Try it →
Take the data below and write it out exactly, except for the pictures.

** Opening Raw data block **

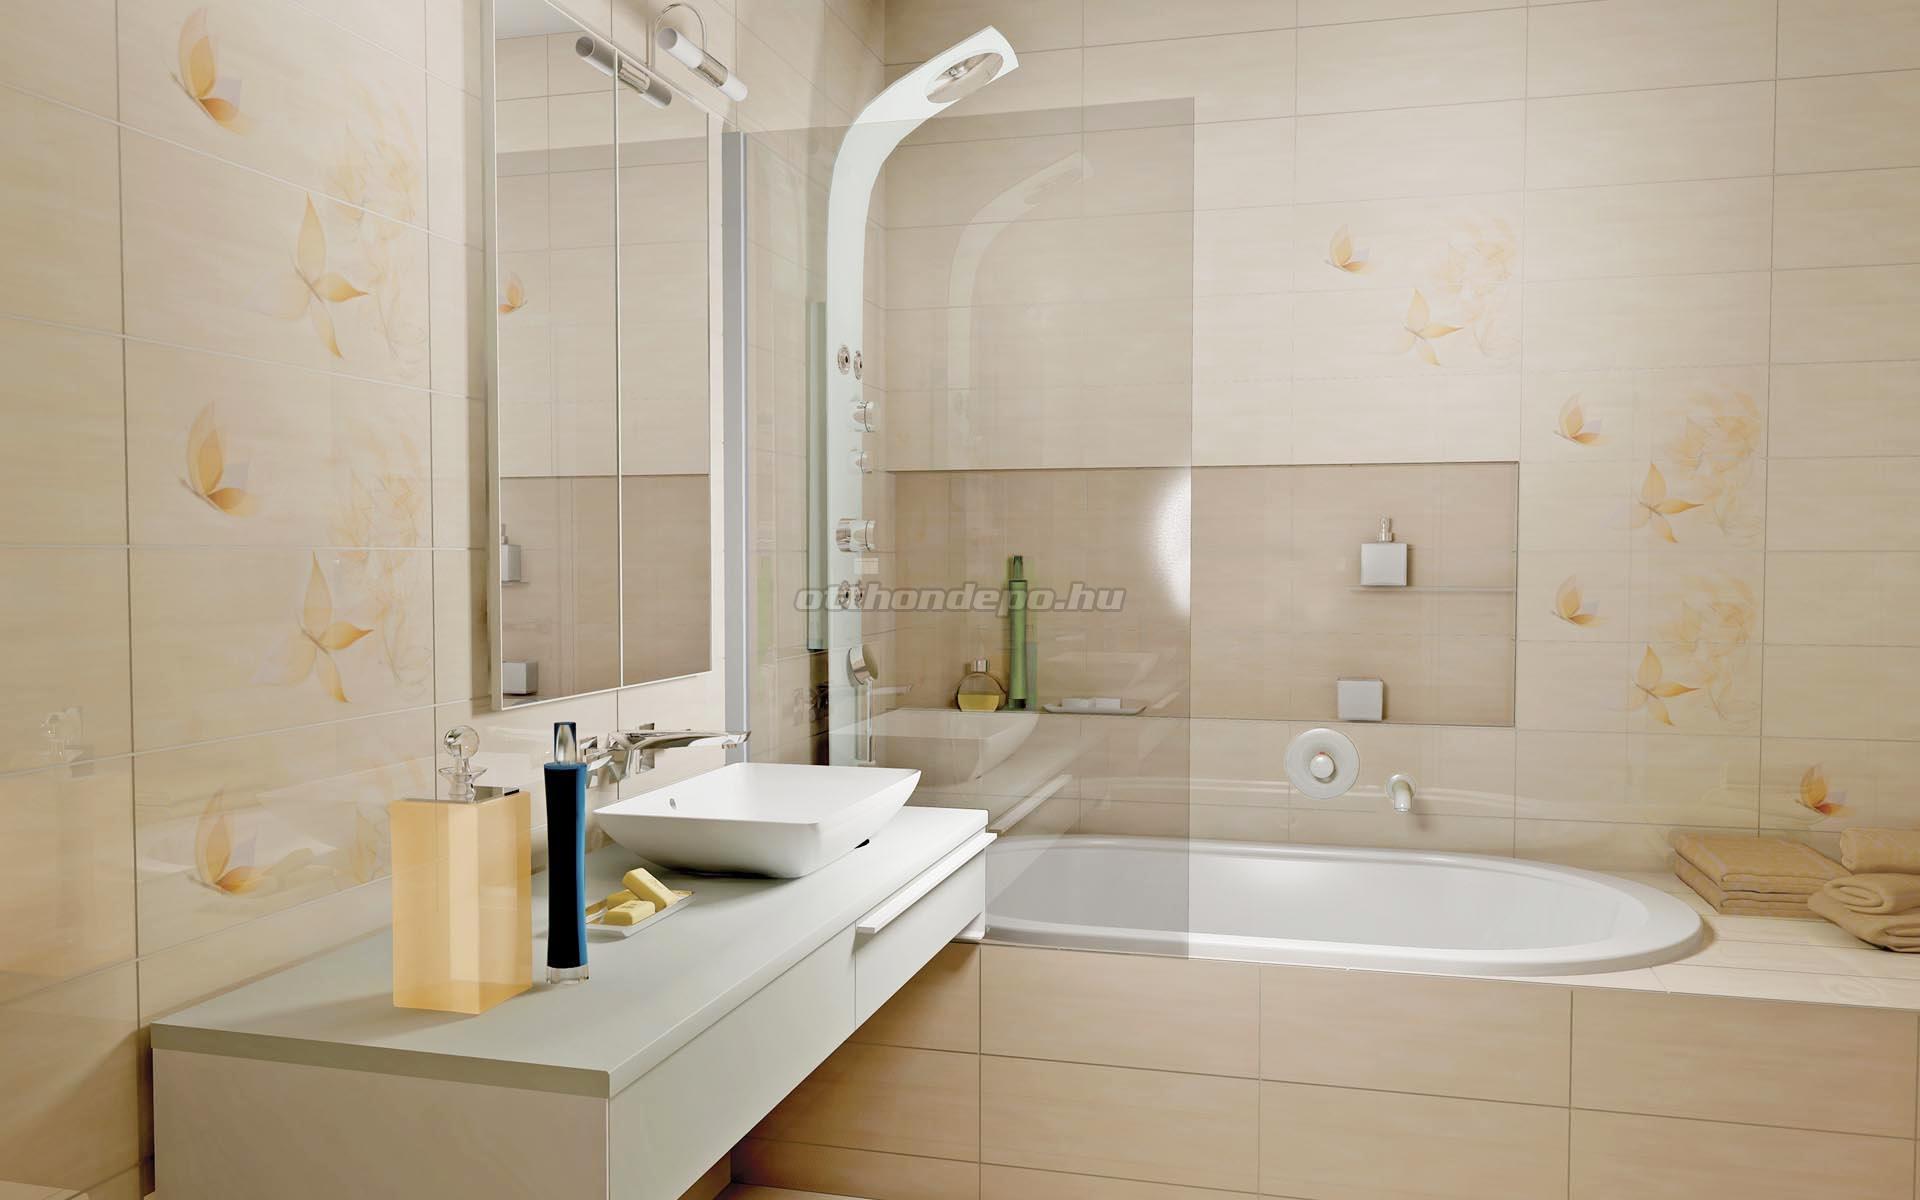 Fények és hangulat a fürdőszobában – OtthonDepo Blog
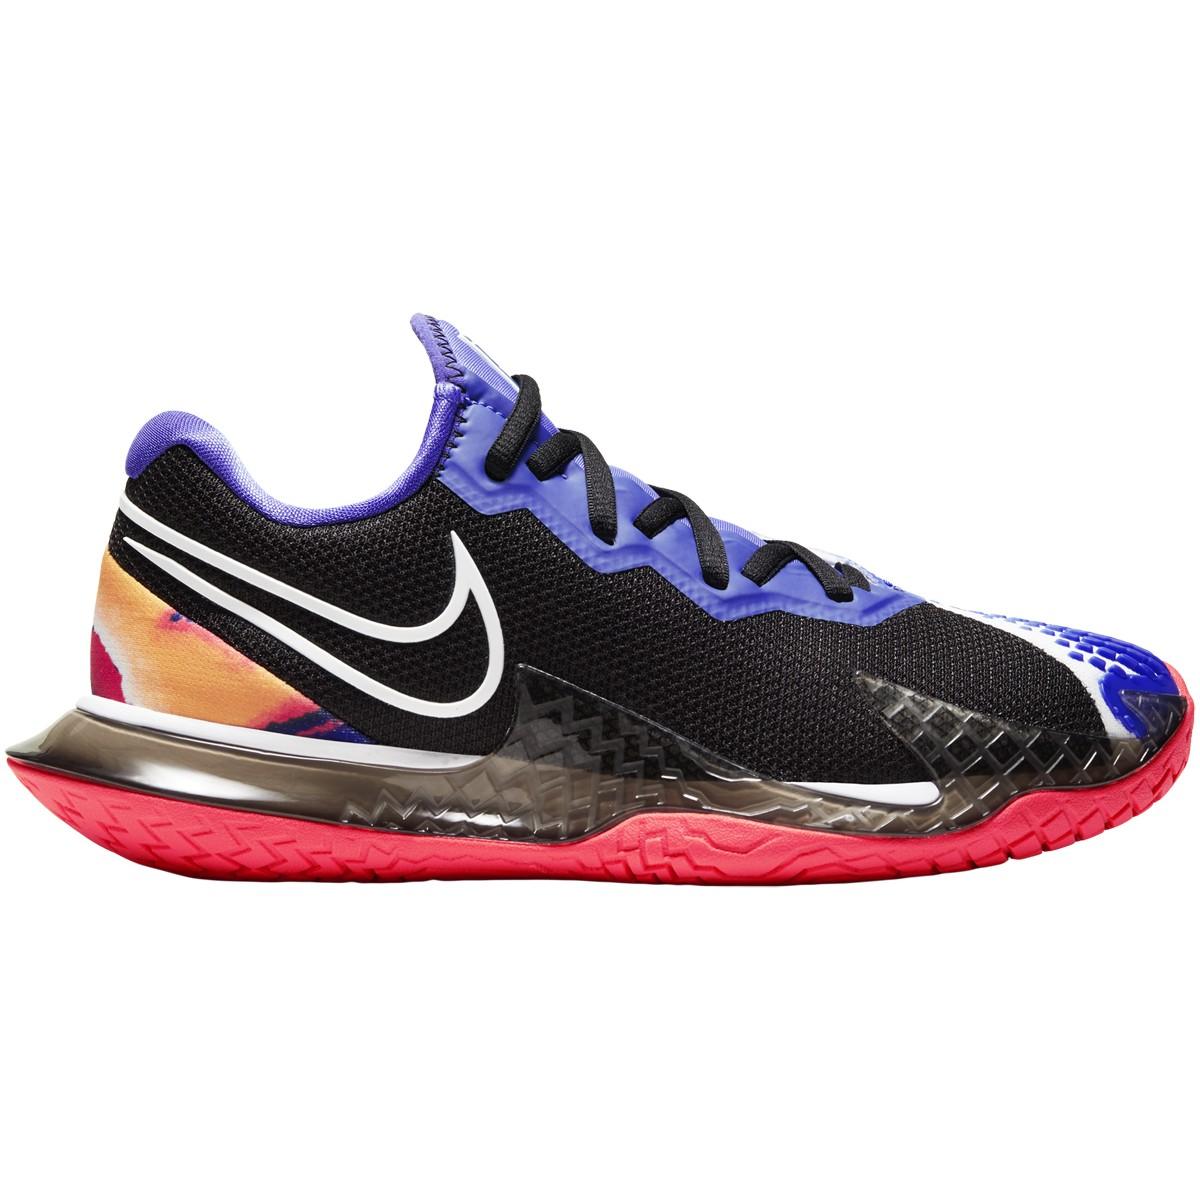 Chaussures Nike Femme Air Zoom Vapor Cage 4 Toutes Surfaces Noires
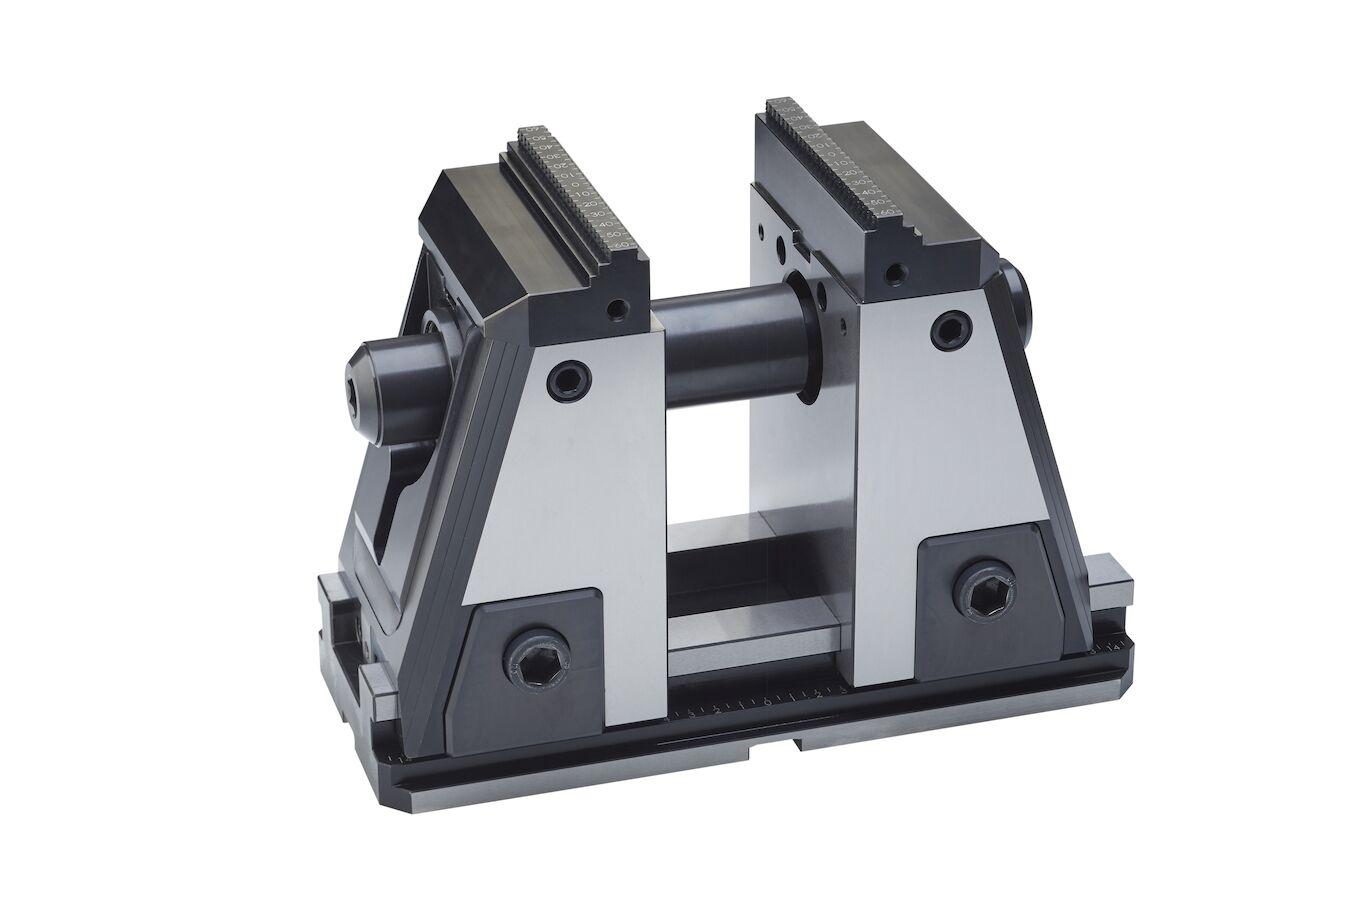 Schraubstock 125mm 5-Achsen
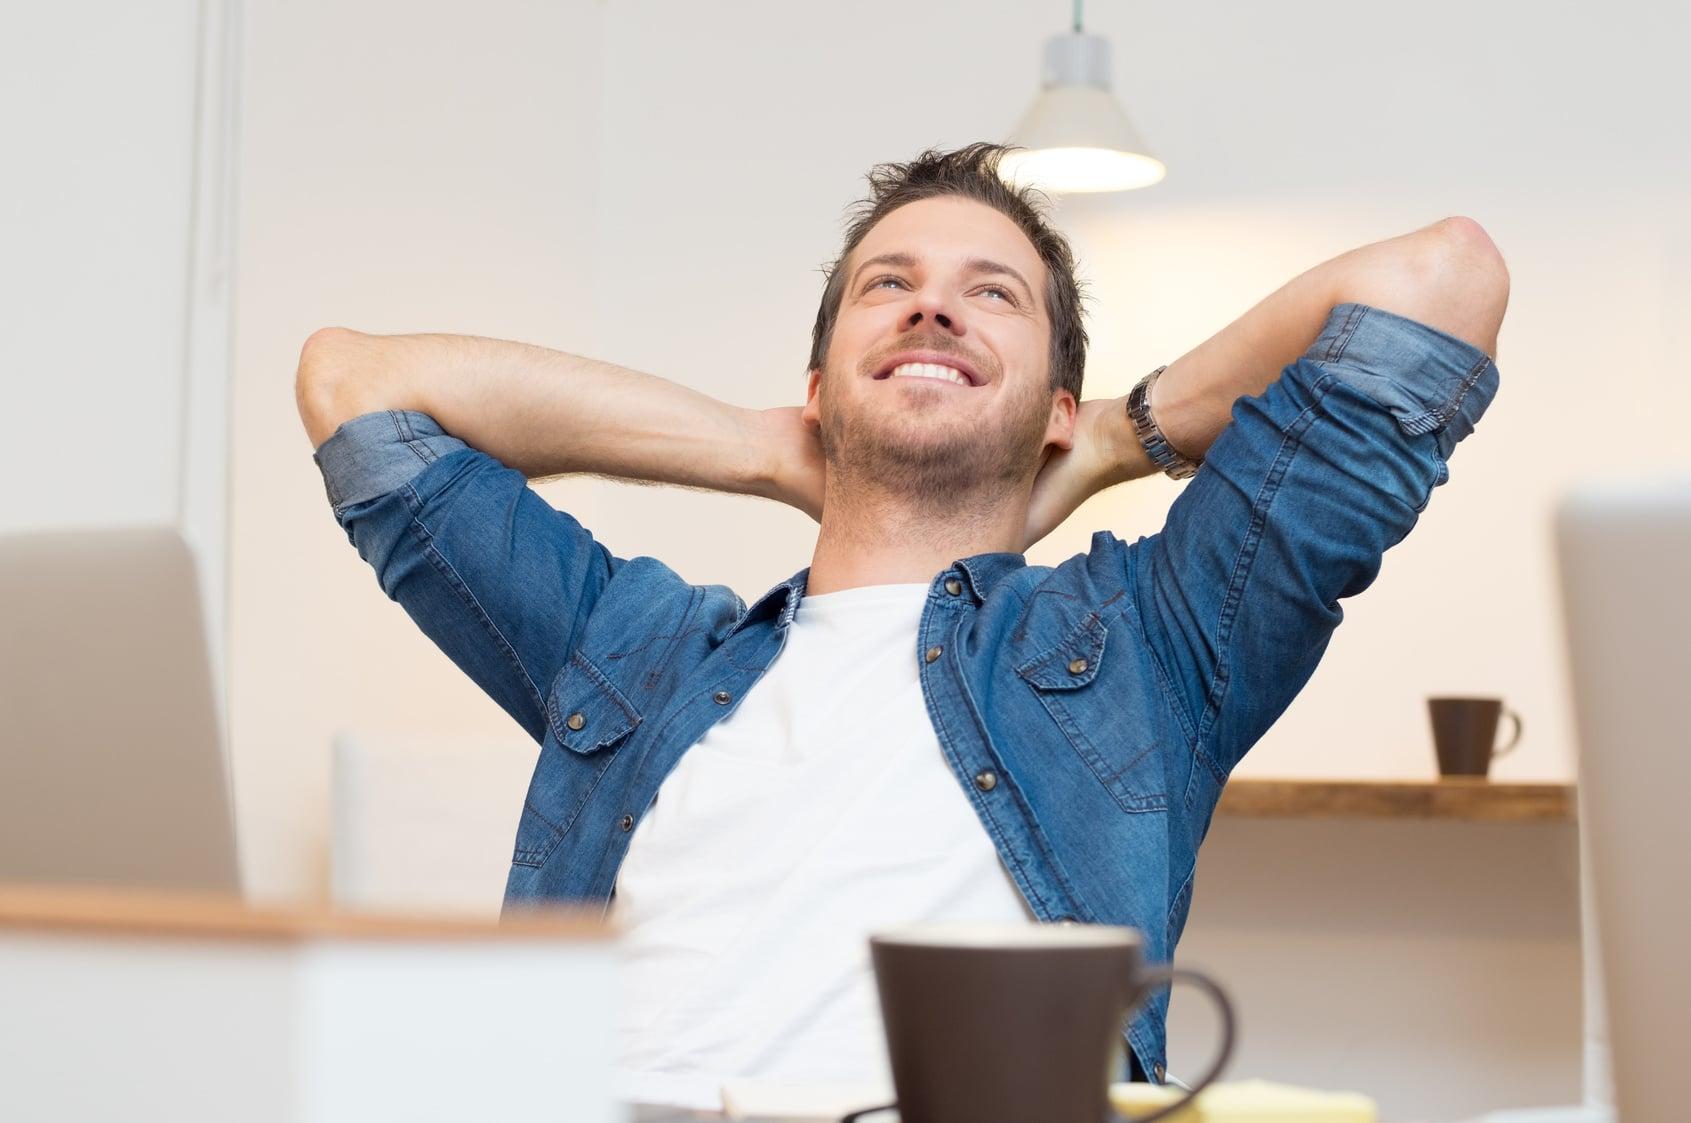 Ein Mann sitzt auf einem Stuhl, hat beide Arme hinter dem Kopf verschränkt und ist nach hinten gelehnt. Er lächelt dabei und zeigt mit seiner Gestik und Mimik, dass er ein starkes Selbstbewusstsein besitzt und dieses auch auslebt. Er hat kurze braune Haare, einen 3 Tage Bart und ist bekleidet mit einem bleuen Jeanshemd und weissen T-shirt. Im Vordergrund ist eine braune Tasse zu sehen und der Hintergrund ist schlicht weiss gehalten.

** Closing Raw data block **

Answer to the exercise →
 Fények és hangulat a fürdőszobában – OtthonDepo Blog
 Chaussures Nike Femme Air Zoom Vapor Cage 4 Toutes Surfaces Noires
 Schraubstock 125mm 5-Achsen
 Ein Mann sitzt auf einem Stuhl, hat beide Arme hinter dem Kopf verschränkt und ist nach hinten gelehnt. Er lächelt dabei und zeigt mit seiner Gestik und Mimik, dass er ein starkes Selbstbewusstsein besitzt und dieses auch auslebt. Er hat kurze braune Haare, einen 3 Tage Bart und ist bekleidet mit einem bleuen Jeanshemd und weissen T-shirt. Im Vordergrund ist eine braune Tasse zu sehen und der Hintergrund ist schlicht weiss gehalten.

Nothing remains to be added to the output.